What you have to do:
Without any images, write the listing below out word for word.

Information supplied:
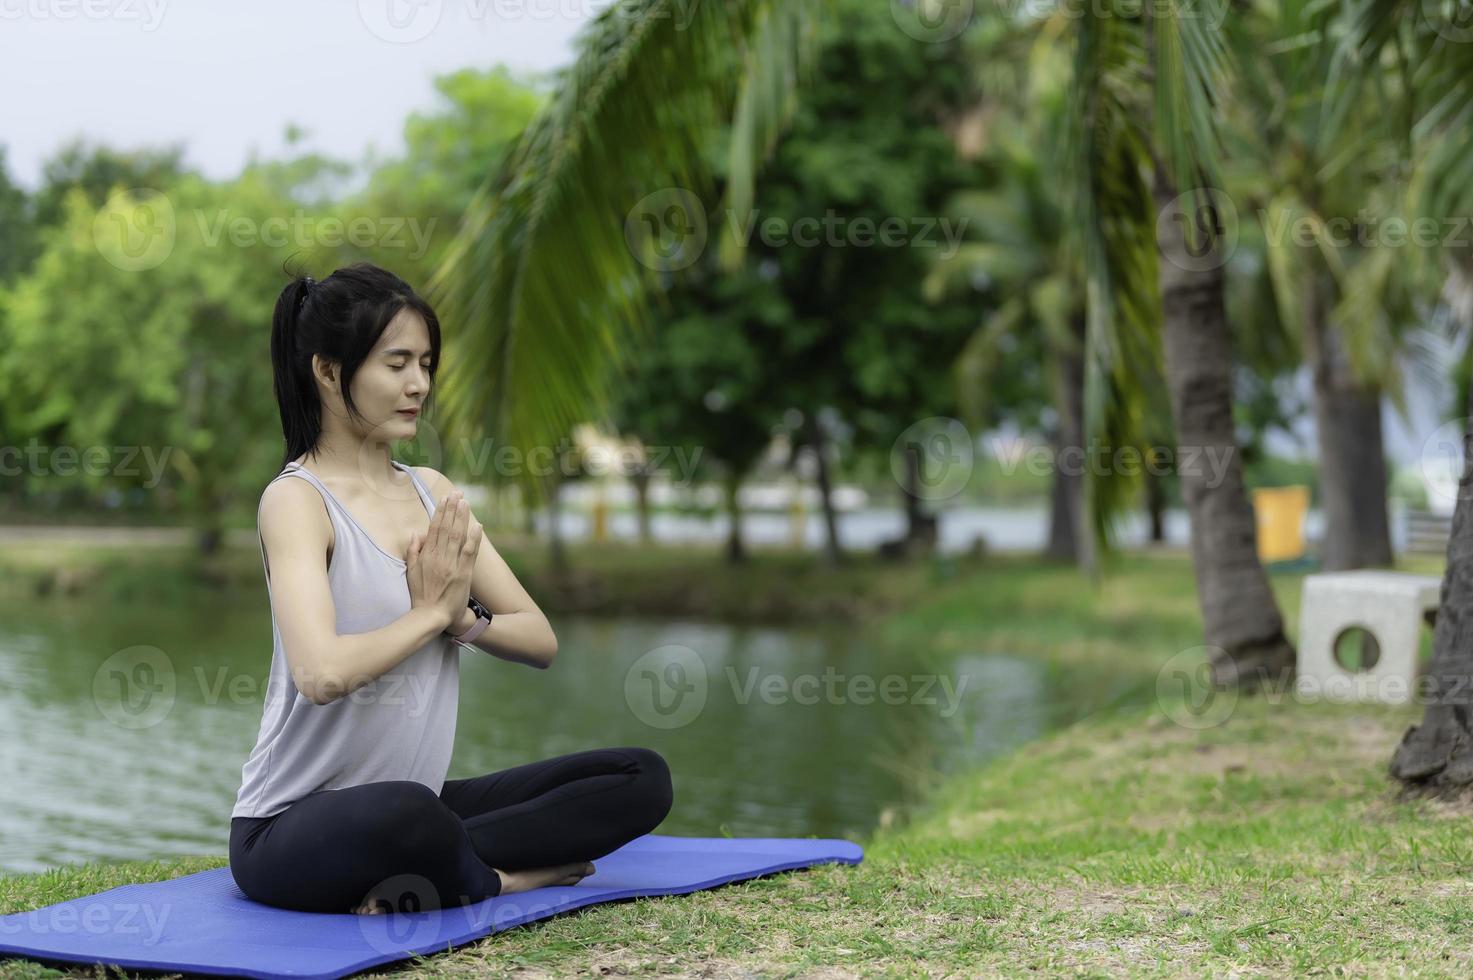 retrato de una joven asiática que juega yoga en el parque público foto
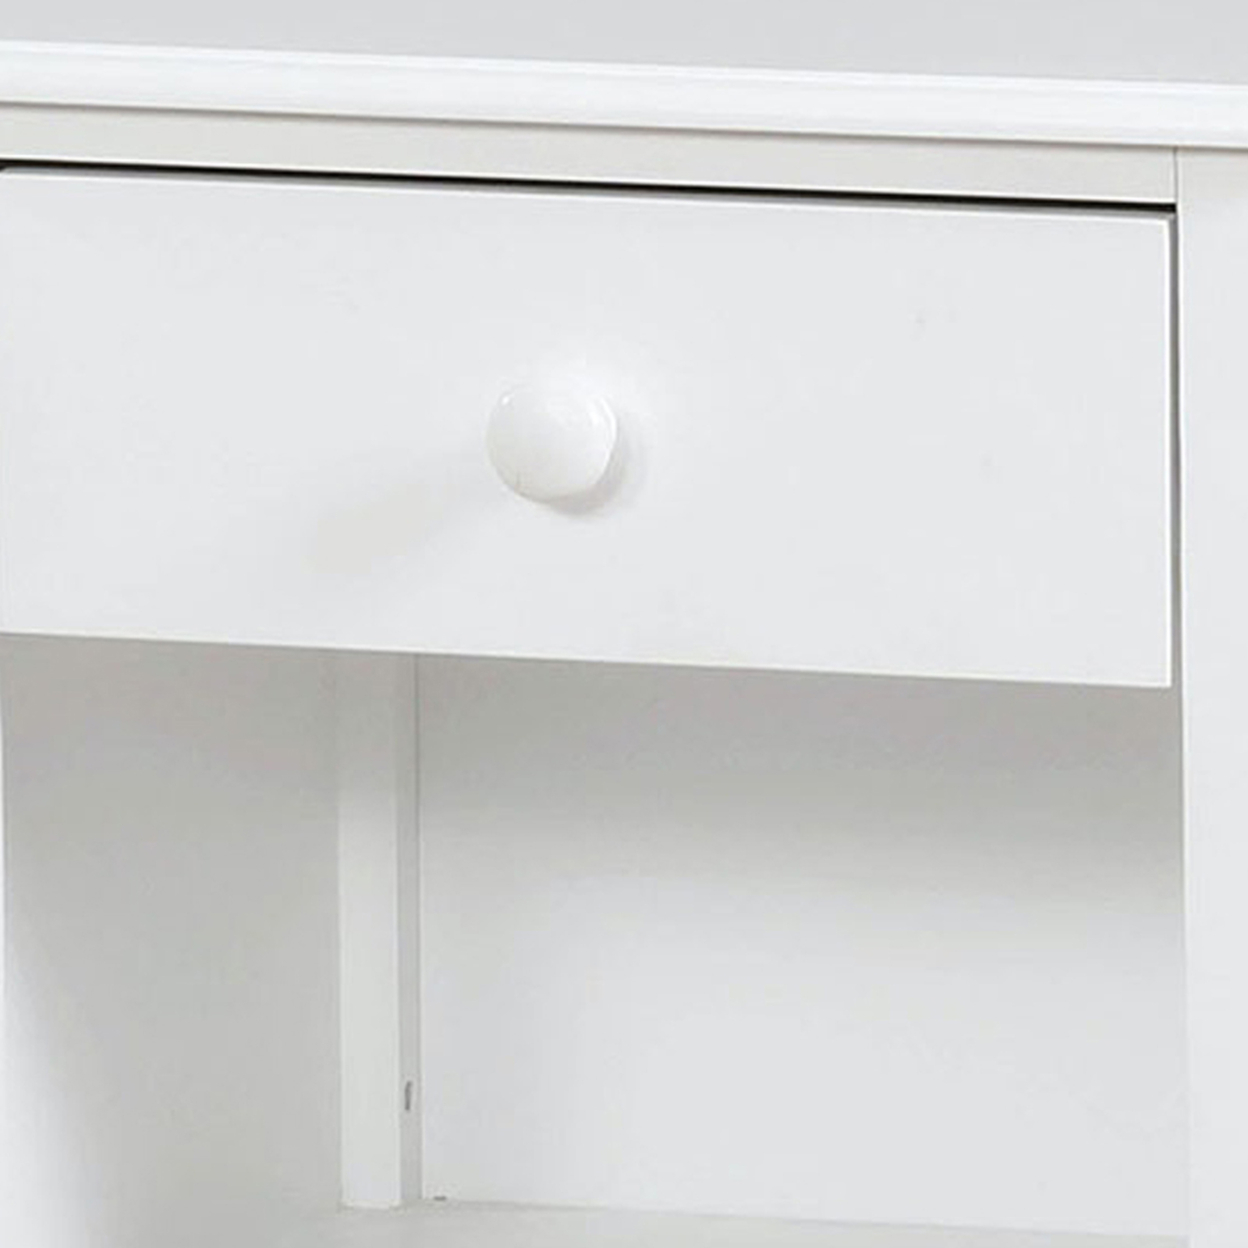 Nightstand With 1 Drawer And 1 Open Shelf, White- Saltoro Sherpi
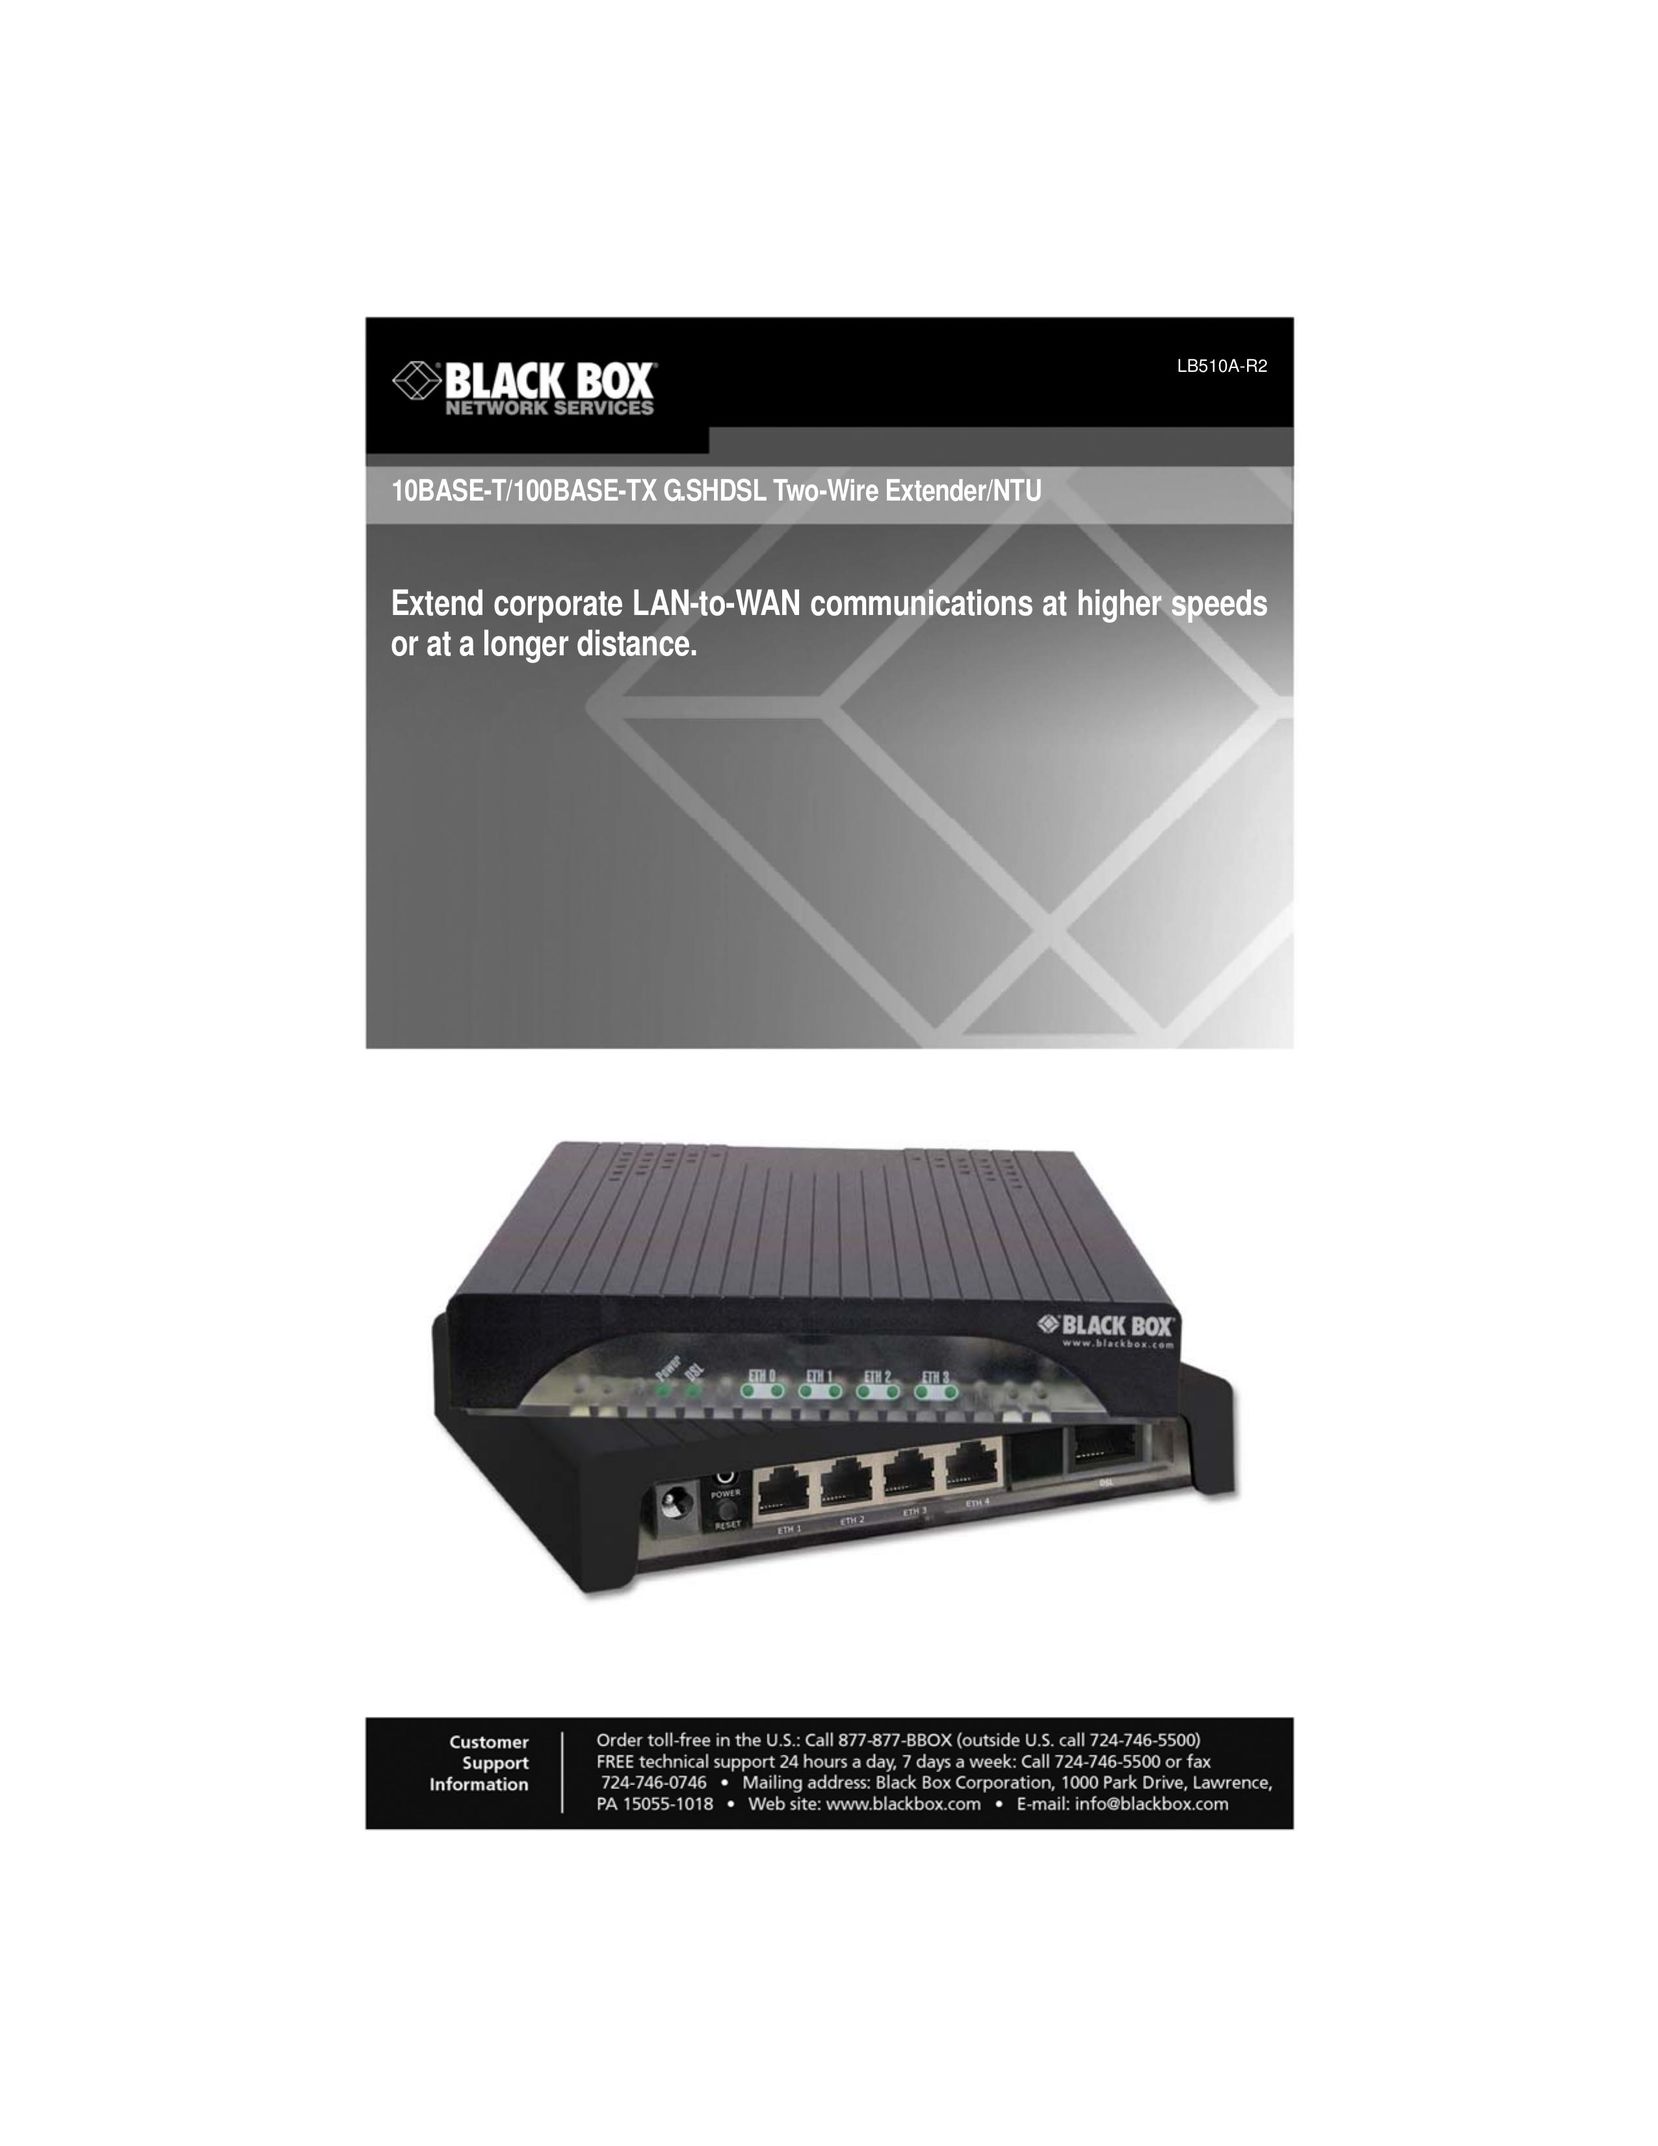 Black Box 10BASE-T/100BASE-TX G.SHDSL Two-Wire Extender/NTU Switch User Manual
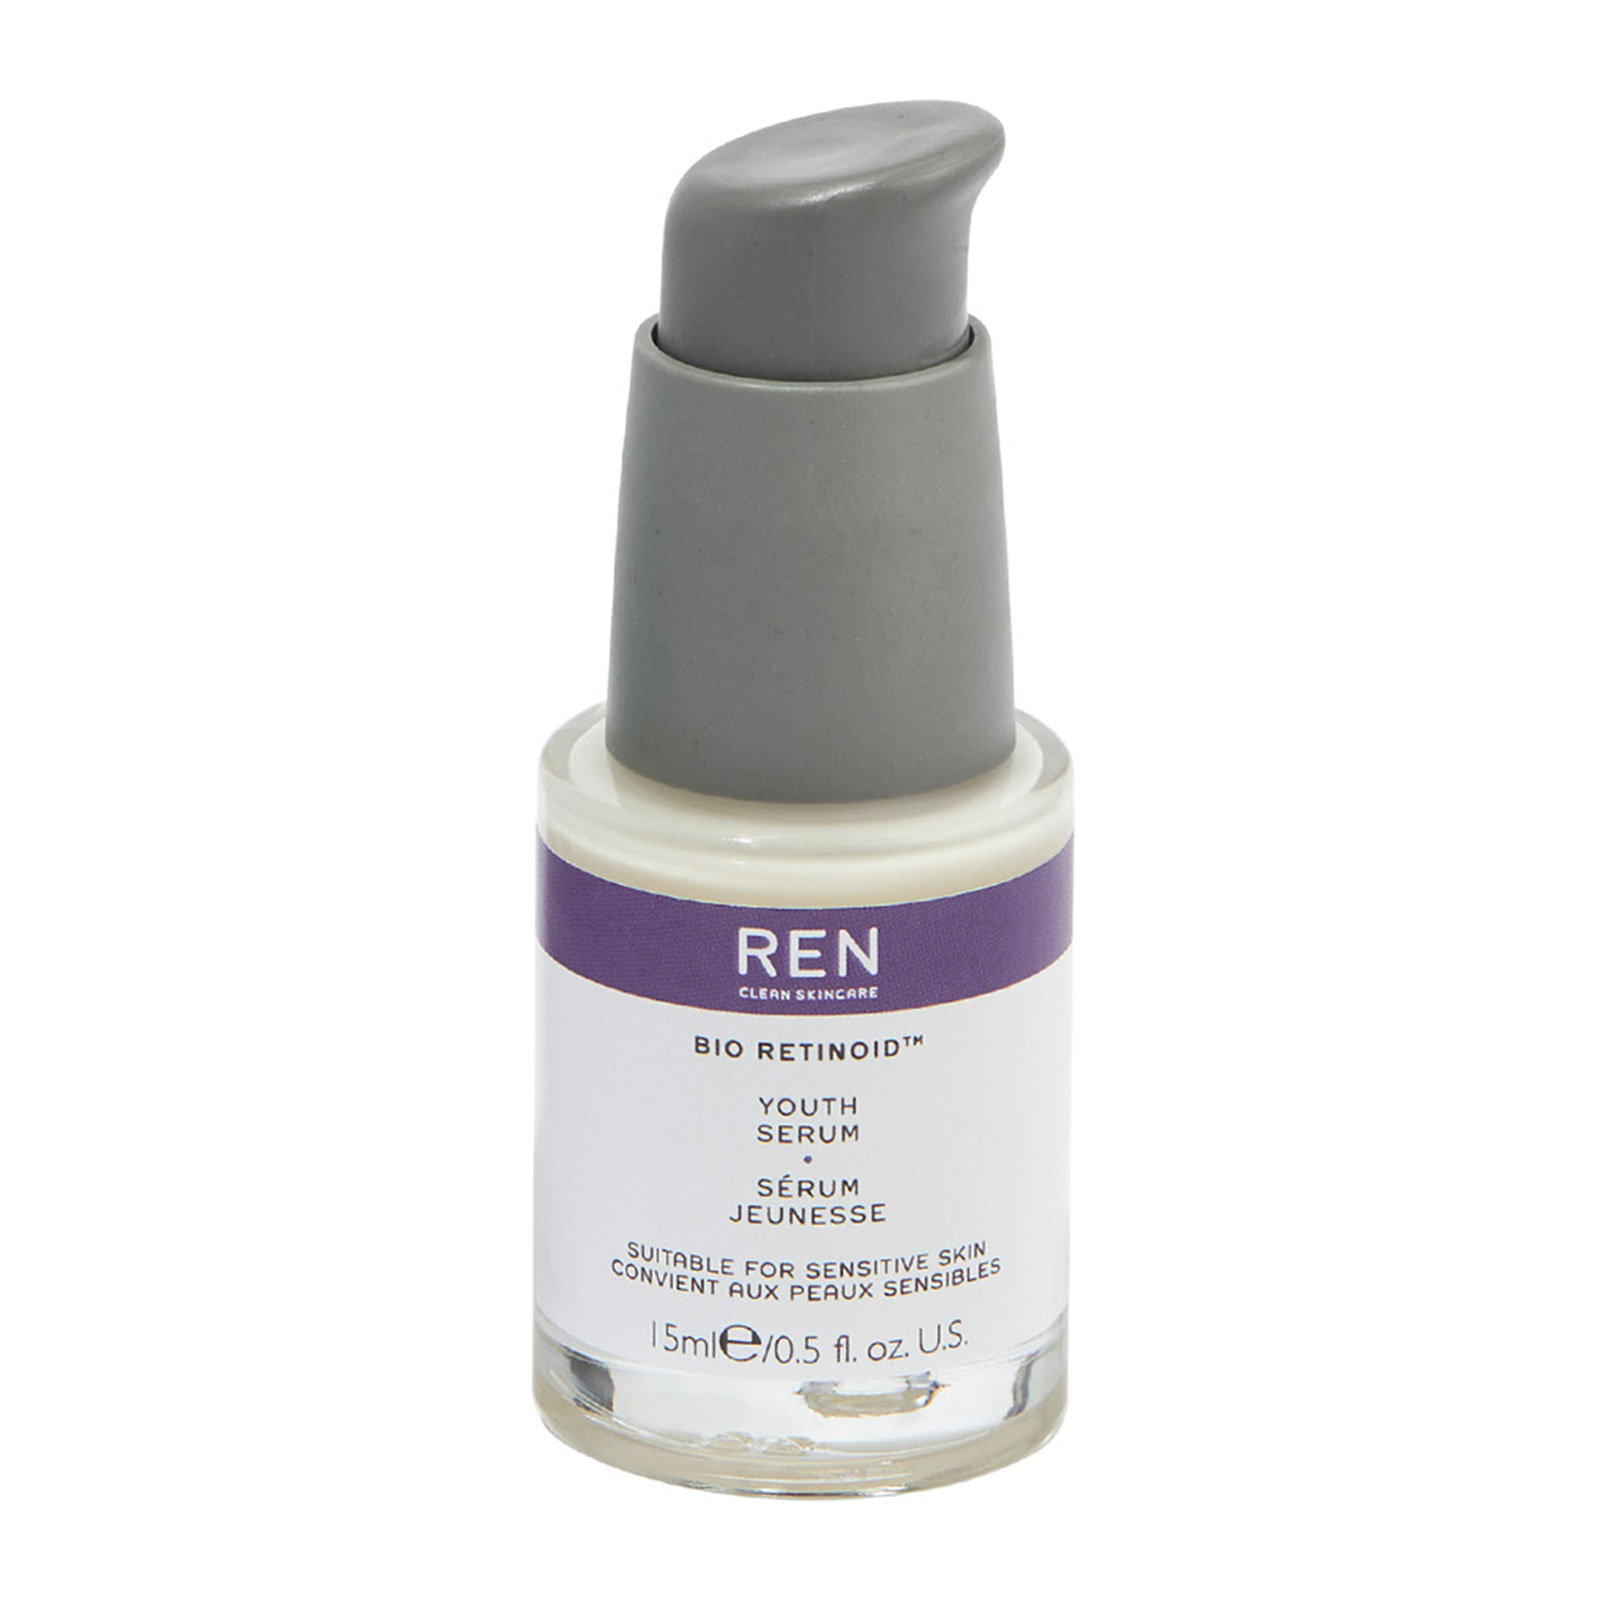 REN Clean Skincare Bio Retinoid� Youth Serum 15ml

Result:
 retrato de una joven asiática que juega yoga en el parque público foto
 Nightstand With 1 Drawer And 1 Open Shelf, White- Saltoro Sherpi
 Black Box 10BASE-T/100BASE-TX G.SHDSL Two-Wire Extender/NTU Switch User Manual
 REN Clean Skincare Bio Retinoid� Youth Serum 15ml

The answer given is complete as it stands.